Quelles sont les retombées des pourparlers de Genève sur la sécurité du Liban ?
« La cessation des hostilités ne peut qu'aider le Liban aux niveaux de sa sécurité, de sa stabilité, et aussi au niveau du retour des déplacés syriens. Si la paix en Syrie s'établit, le Liban en bénéficiera sûrement parce que ce sera le temps de la reconstruction qui va encourager les Syriens à rentrer chez eux. Il y aura alors un boom économique en Syrie et dans la région. »
(Pour mémoire : Après des tractations ardues, les ministres arabes des AE adoptent « la solidarité avec le Liban »)
Êtes-vous optimiste ?
« Oui, si on respecte le choix des peuples et si on vise la reconstruction au lieu de la destruction, qui est celle de Daech et celle des pays et forces politiques qui l'appuient. »
Y a-t-il un danger que Daech vienne hanter le Liban à partir de Ersal ?
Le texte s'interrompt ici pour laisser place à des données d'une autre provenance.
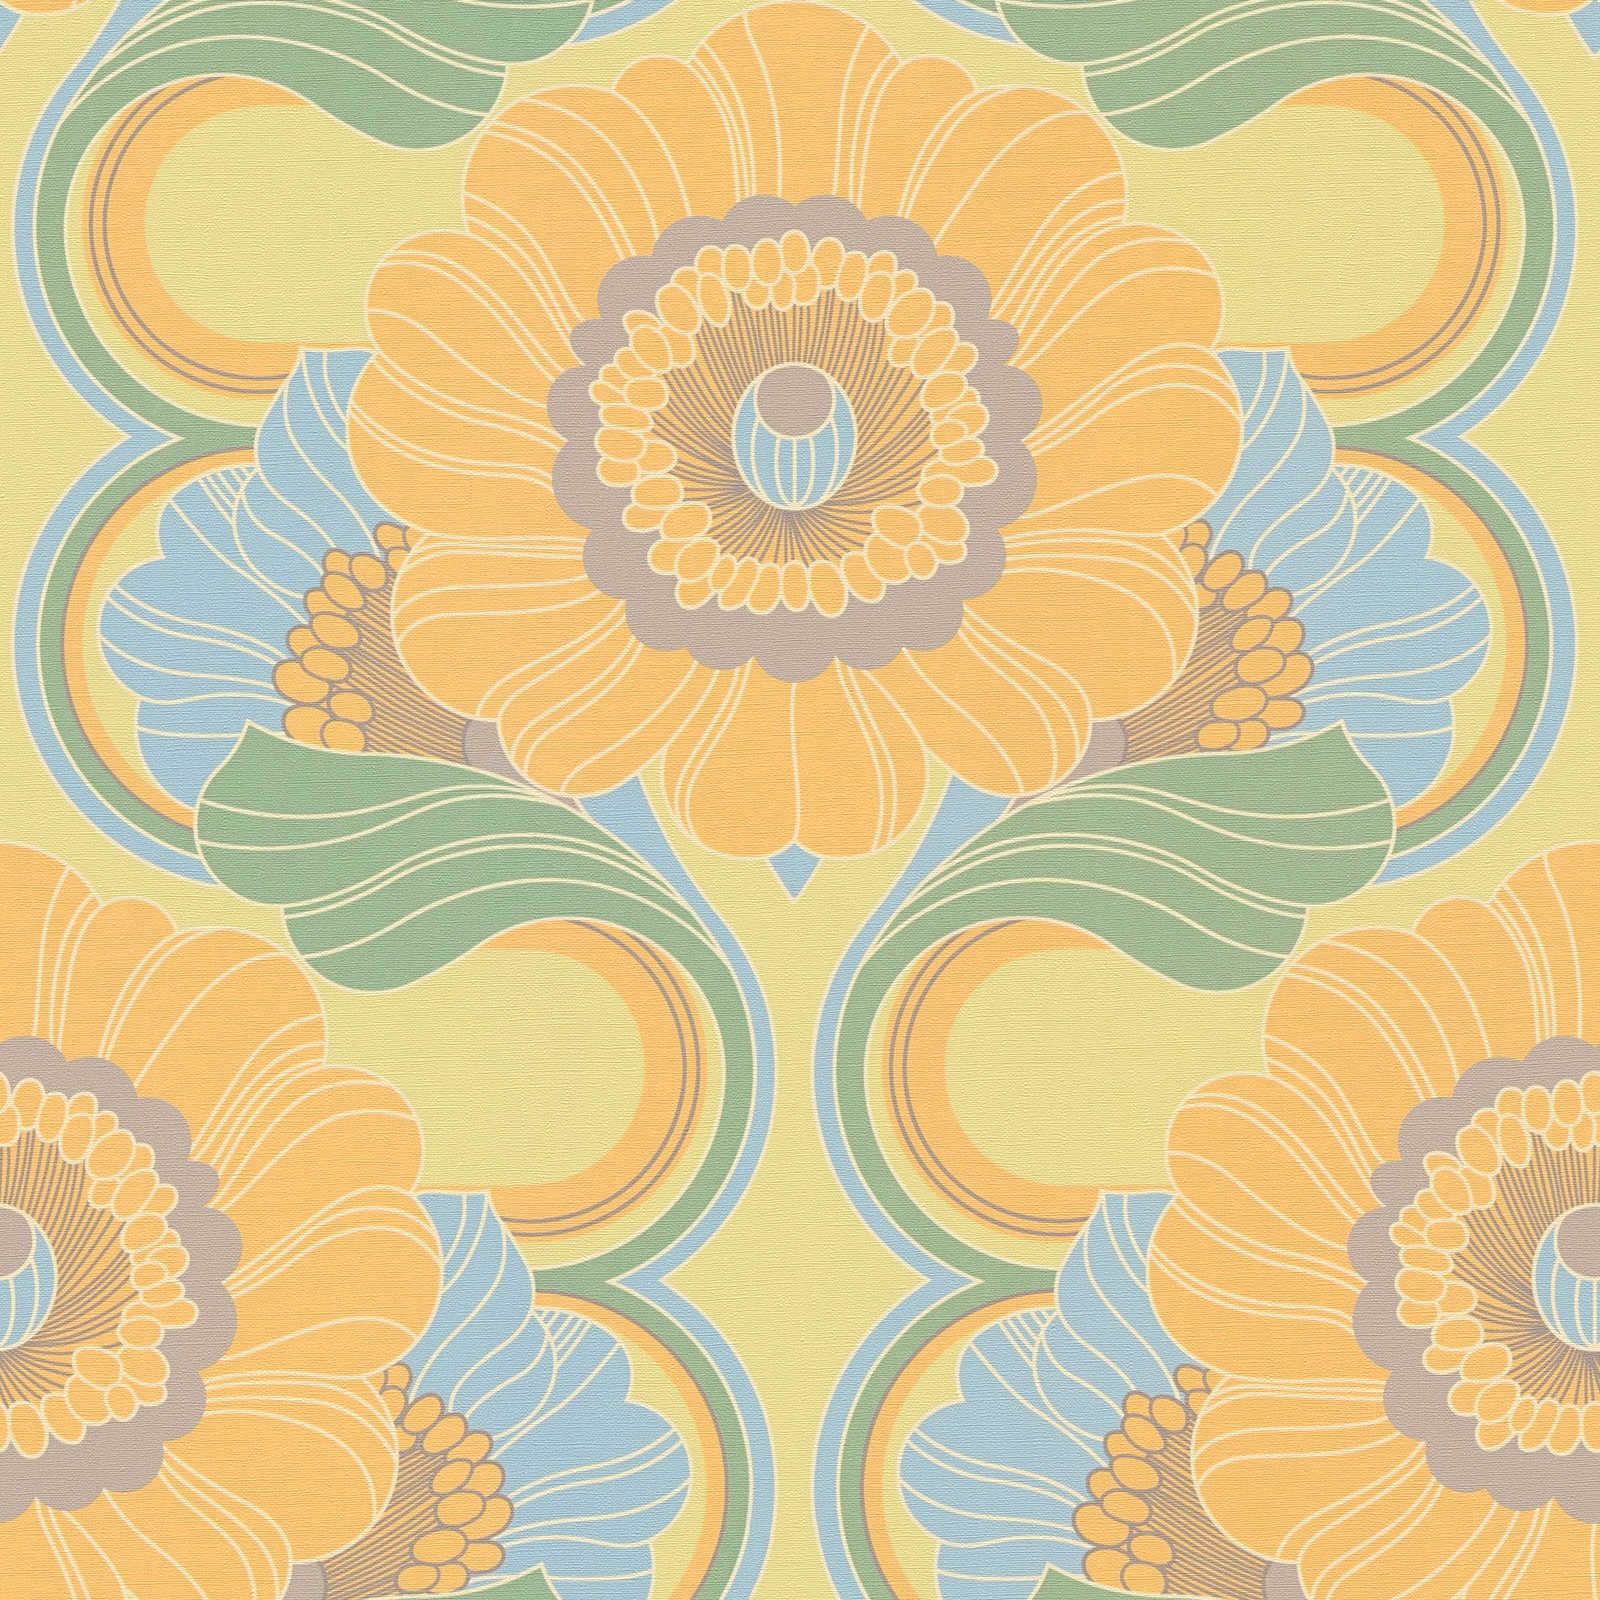             Retrobehang met lichte structuur en bloemenpatroon - blauw, geel, groen

« Non. Je pense que le Liban a montré non seulement une résilience mais de la résistance. Ils n'arriveront jamais à pénétrer dans le pays idéologiquement, même s'ils arrivent à réaliser de petites infiltrations qui peuvent être réglées. Mais le danger est que le Liban risque de perdre son rôle et son message. C'est ce qu'on appelle le "daechisme" politique qui est bien plus dangereux parce que l'un est militaire et l'autre sécuritaire : il peut être traité géographiquement ou bien localement, tandis que l'autre peut envahir le pays aux niveaux de son existence et de sa raison d'être. »
On parle de plus en plus de la menace d'une invasion israélienne. Faut-il s'en inquiéter ?
« Bien sûr, le danger est toujours imminent. Israël va profiter de cette situation en pensant que le Hezbollah n'est pas tout à fait à l'aise parce qu'il est plongé dans le problème syrien et celui du Liban interne, et aussi par une attaque d'Israël. Oui, cela m'inquiète vraiment parce que pour Israël cela doit se terminer dans ce sens. »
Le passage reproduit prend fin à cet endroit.